Cold mill, hot prospects

Profit: Bethlehem Steel expects its $300 million cold-sheet mill in Sparrows Point to beat rivals by producing a variety of steels in large quantities.

April 11, 1999|By William Patalon III | William Patalon III,SUN STAFF

In places, it's five stories high. Its key section is four football fields long. And the whole project will cost about $80 million more than the Baltimore Ravens' football stadium.

The project's most important objective is to rejuvenate Bethlehem Steel Corp.'s long-moribund Sparrows Point Division -- virtually ensuring that steelmaking will remain a major part of metropolitan Baltimore's economy well into the next century.

The project is Bethlehem's new cold-sheet mill, a $300 million plant under construction on the northwest corner of the 2,500-acre Sparrows Point complex.

The mill is to start production next March and be running at full speed seven months later.

But the new cold-steel mill is more than just a high-dollar project. It's part of a company strategy to have its steel command a premium in the market.

The cold mill, plus the $100 million being spent to reline the huge Sparrows Point blast furnace this summer, shows Bethlehem's faith that its Sparrows Point Division's Big Steel plant can still make big bucks.

"Sparrows Point is clearly one of the core businesses, with the modernization going on there," said Curtis H. Barnette, Bethlehem Steel chairman and chief executive officer. "It's one of our largest projects and is a vote of confidence in the Sparrows Point management."

Some analysts once argued that Bethlehem Steel should shut down Sparrows Point, calling it too old, too costly and a drain on the company's fi- nancial performance, said Ken Hoffman, a Prudential Securities analyst. But not now.

However, such progress always carries a price in terms of jobs and tax dollars.

As is true of most big economic-development projects today, the cold-mill decision was initially a high-stakes poker game as Bethlehem dangled the possibility that it might build the plant outside Maryland. The company made sure it was dealt the best hand possible before it agreed to put the new mill at Sparrows Point.

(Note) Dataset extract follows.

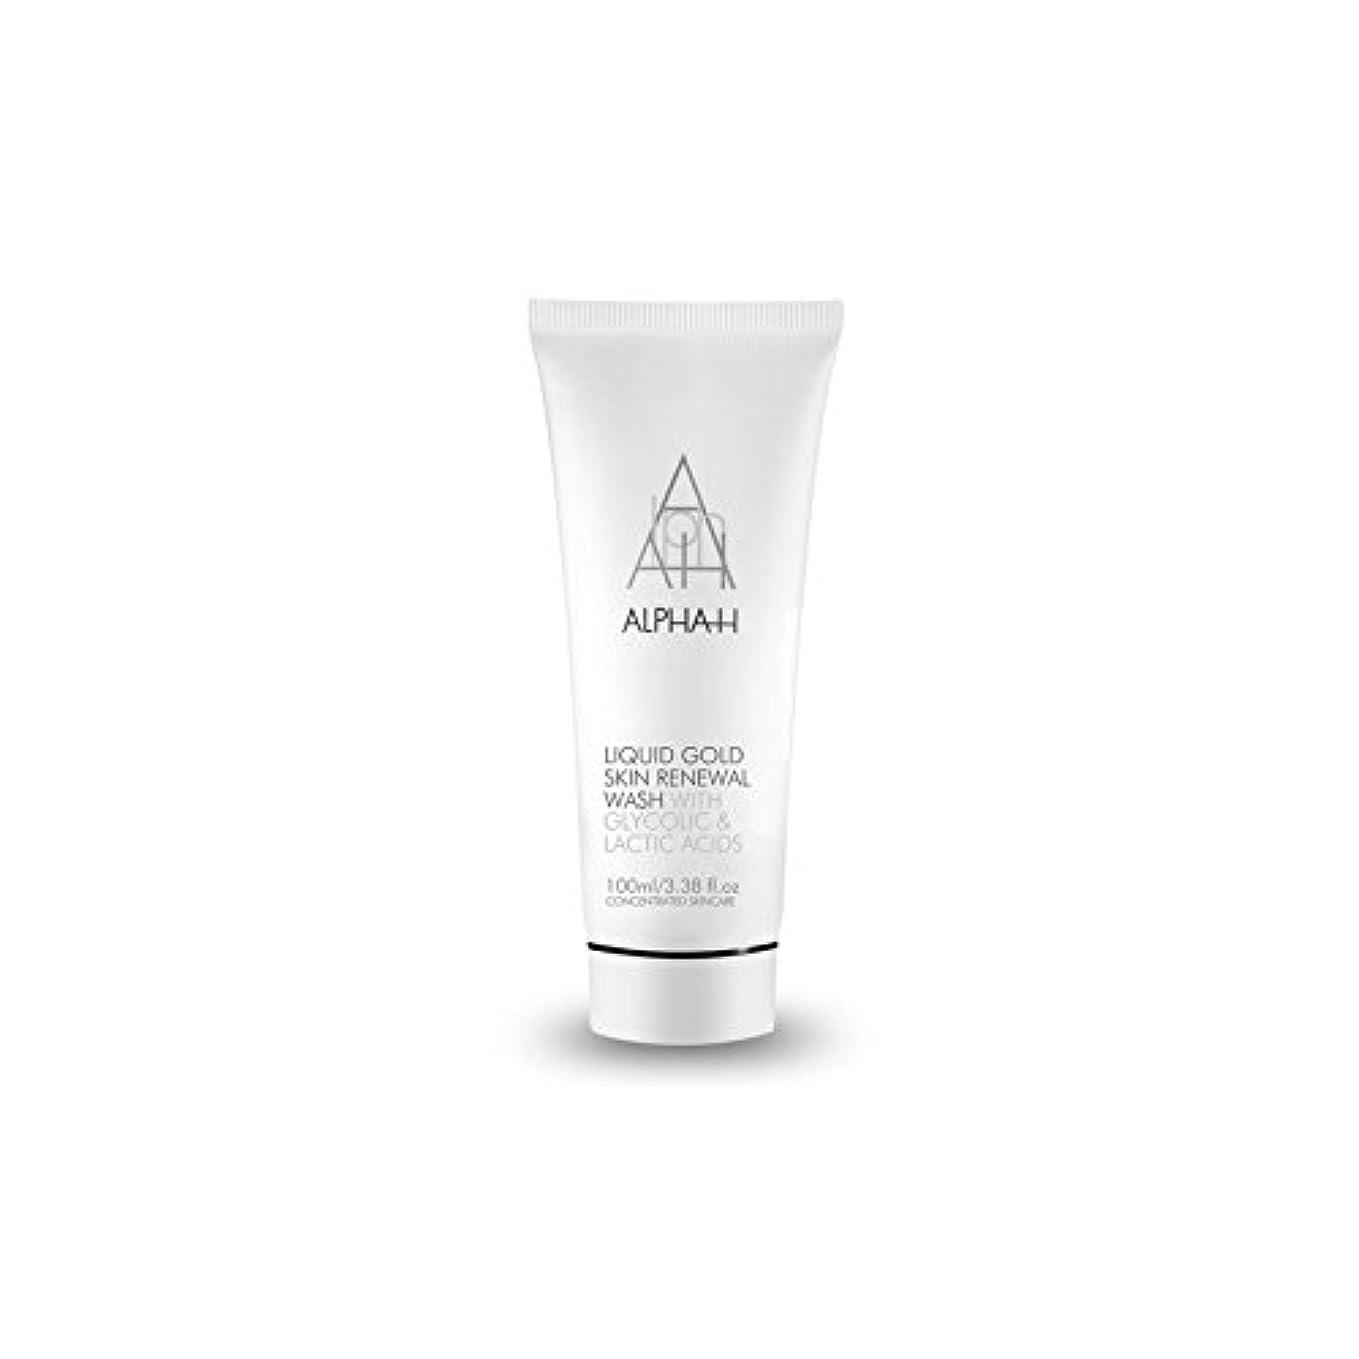 合体正統派リッチアルファのゴールドスキンリニューアルウォッシュ(100ミリリットル) x4 - Alpha H Gold Skin Renewal Wash (100ml) (Pack of 4) [並行輸入品]

The state and Baltimore County agreed to an $80 million financing package, while Baltimore Gas and Electric Co. reportedly granted inducements to the company, too.

The United Steelworkers of America union chipped in when it agreed to job reductions and more flexible work rules. Sparrows Point's combined white- and blue-collar ranks will shrink to 4,000 next year, from about 5,200 in mid-1997 when the cost-reduction agreements that led to the cold-sheet-mill deal were reached.

The decline in jobs includes 400 lost when the Sparrows Point's plate mill was closed after Bethlehem bought Lukens Inc., a Pennsylvania plate maker.

Once employed 30,000

Bethlehem's Sparrows Point employment topped more than 30,000 in 1959.

"I guess I have mixed feelings about this," said 37-year-veteran Burt Dixon, president of Steelworkers Local 2609, which represents hourly employees who will be working in the new cold-sheet mill.

"If not for [the new mill] coming to `the Point,' I think the company would harvest the plant and move it somewhere else. People know the place for this is here and that we really needed to make the investment."

But other union officials are ecstatic about the new steel mill. To them, it's simple: no cold mill, no Sparrows Point.

Company officials say all but a few of the job losses -- including those from the plate mill -- came through attrition or retirement buyouts, and that most who wanted to return from layoffs have already done so.

Because of Sparrows Point's high turnover rate, company leaders are confident the rest of the agreed cuts also will come through attrition.

With the new cold-sheet mill, a refurbished blast furnace, fewer workers and a more flexible work environment, Sparrows Point is coming into its own just as steel prices are starting to increase, said Hoffman, the Prudential Securities analyst.

Company executives, analysts and union officers all agree the cold-sheet mill is key to making the Sparrows Point Division a vibrant and profitable enterprise.

That's because the cold-rolling process creates steel products of higher quality and allows the manufacturer to offer profit-boosting extras, such as special coatings, that can't be offered with hot-rolled steel.

Bethlehem Steel is a "vertically integrated" steelmaker, which means it makes most of its steel from scratch and tries to serve a big range of markets -- unlike "mini-mill" rivals, which operate more cheaply by churning out steel made mostly from scrap and which cater to niche markets.

Big firms such as Bethlehem Steel, with their sprawling operations and high fixed costs, have to run as much steel through their plants as they can to make money.

The new cold-sheet mill should lead to higher output, company leaders figure, because it heightens the facility's product mix.

The Sparrows Point plant takes iron ore and coke and makes big steel slabs.

The slabs are run through a "hot-strip mill" which rolls the super-heated steel into thin sheets that are wound into huge, tight coils.